Matakana based artist Mark Wooller produces oil paintings in a semi surrealist style featuring the New Zealand bush and landscape. Wooller studies the history associated with various aspects of New Zealand landscape, and in his work he refers to a multitude of ephemera, documentation and historical records. These details enrich the narratives of his pieces.

In Charting the Catch, Wooller pulls together intricately woven nets and traditional fishing devices to detail a ‘kai moana’ theme. Inspired by the book ‘Fishing Methods and devices of the Maori’ (Elsdon Best, 1929), Wooller's distinctive drop shadow embellishes the knotted vessels, bringing them to the forefront of his paintings and emphasising their materiality. Wooller explains that his use of these ‘hīnaki’ or eel pots, are less about the act of fishing, and more about the idea of filtering thoughts that float by.

Original hīnaki had one entrance, which faced downstream. The bait would be placed inside and the eels or ‘tuna’ would swim upstream to find it. The entrance to the trap was called the akura, and was a circle of inwardly pointed sticks. The eel could push through to get the bait, but could not escape. The best hīnaki were works of art in themselves. For transport, they could be dampened with water and pressed flat for travel.

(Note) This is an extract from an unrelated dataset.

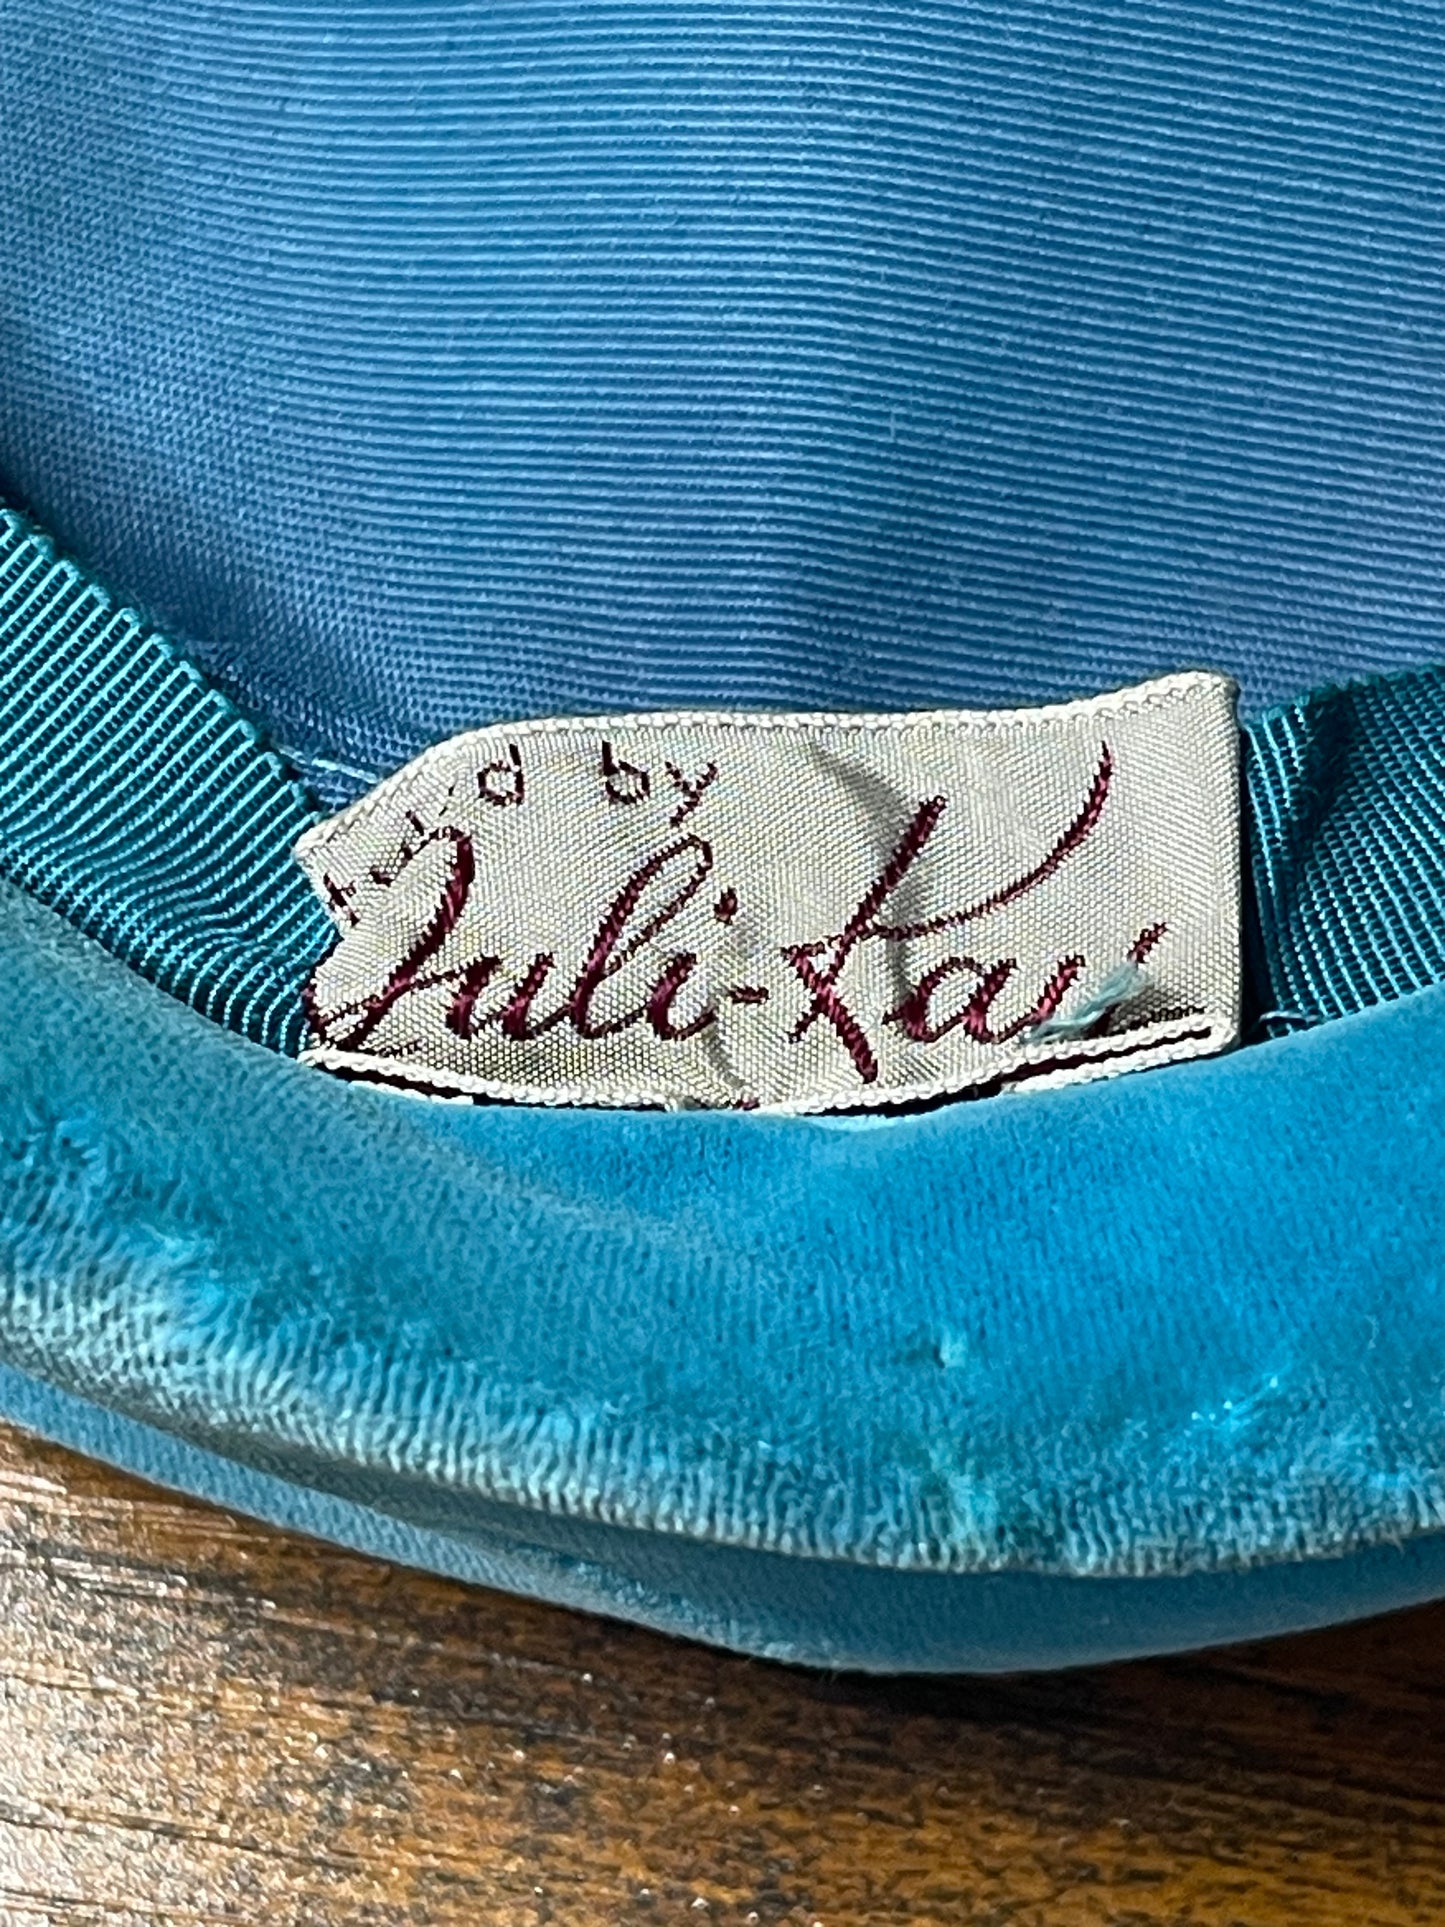 Teal Velvet Pillbox Hat with Rhinestone Accents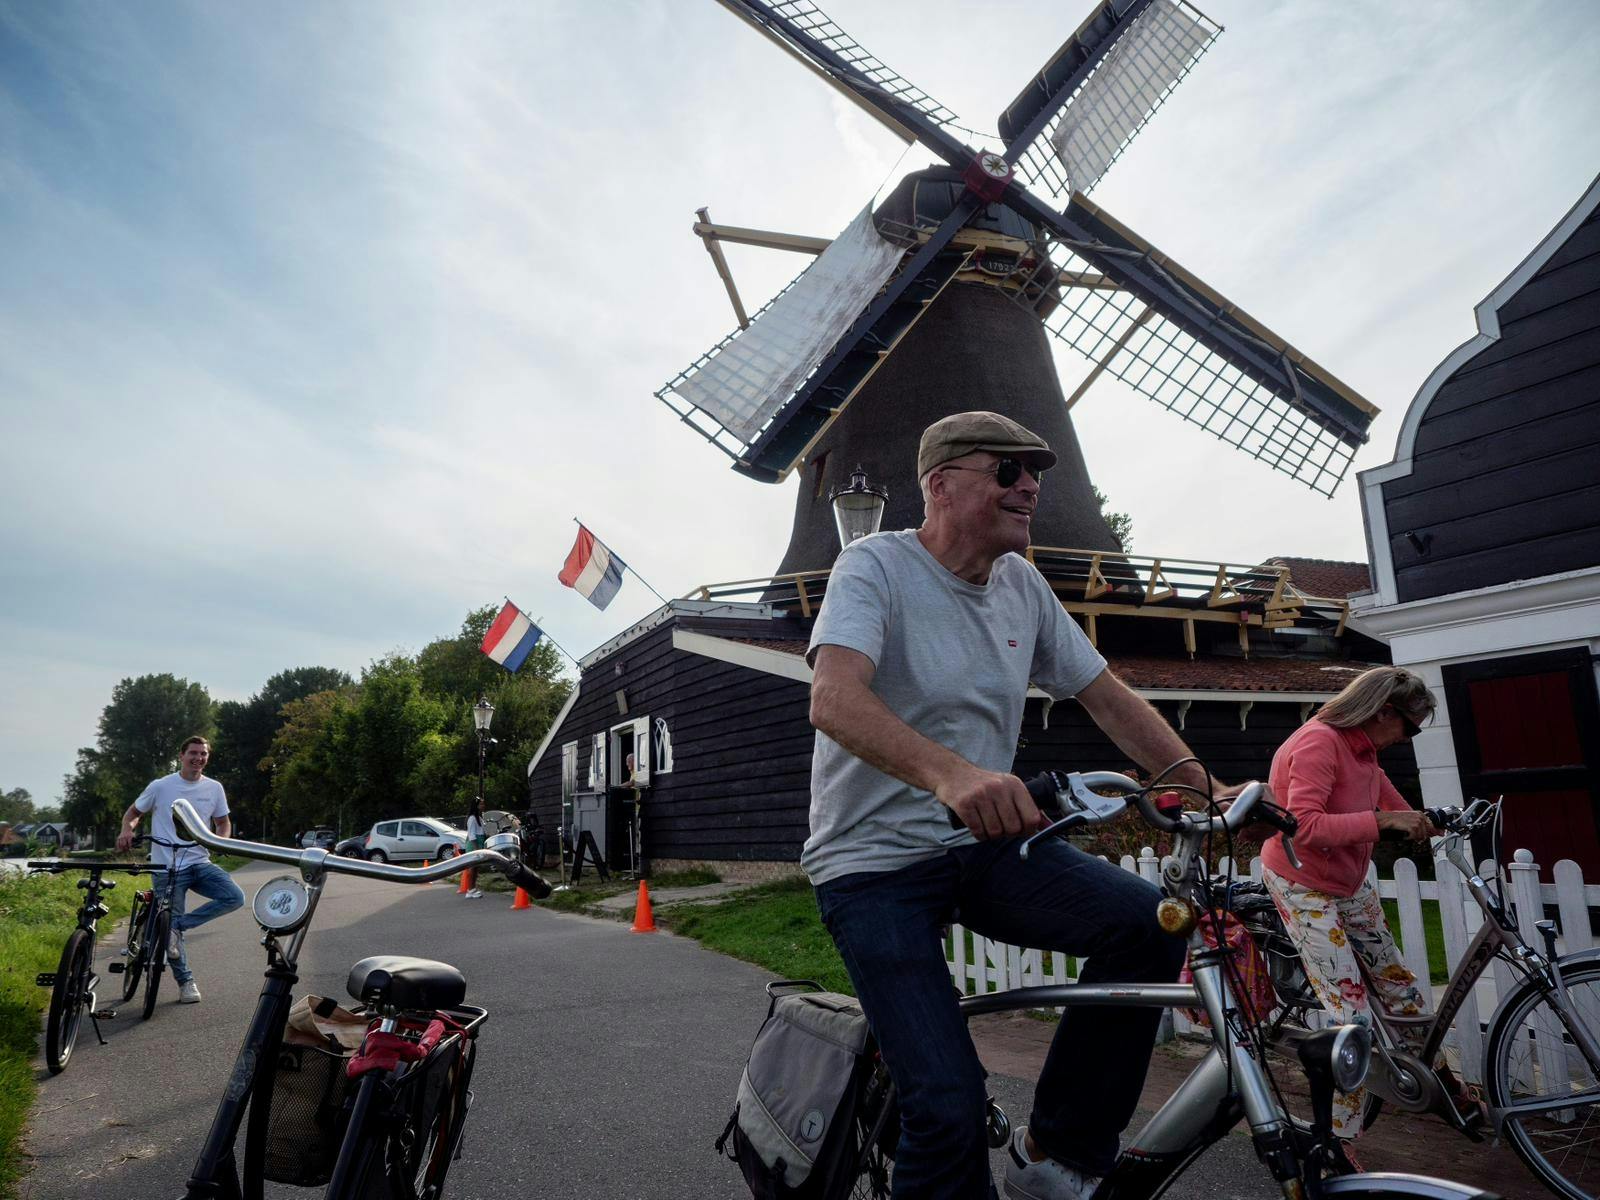 Tour in bici nella campagna di Amsterdam

Wooller’s use of typography and labeling serves purpose as a map-like reading format. He finds importance in rooting the artworks in particular locations to give contextual reference to the placement and backgrounds associated with each piece. As seen in ‘Five rivers’, ‘To Catch’, and ‘Northland Lakes’ ; the words and the landscape features allow the piece to be read like a map. While in the painting ‘Charting the Catch’, the names refer to the type of eel, the size, and the colour.

Talking to this series of work, Wooller explains that “like the passage of time many of these words have fallen from our vocabulary, the richness of their descriptive usage can be held within the hīnaki’/ eel pot vessel expressed here on canvas. So, the Hinaki becomes the vessel to harvest and preserve the precious Māori nomenclature.”

Consistent across Wooller's work is an interest in our shared relationships with the natural environment, history and language, Charting the Catch continues this exploration.

Mark Wooller has staged numerous solo exhibitions since 1988. He has work in collections both locally and internationally.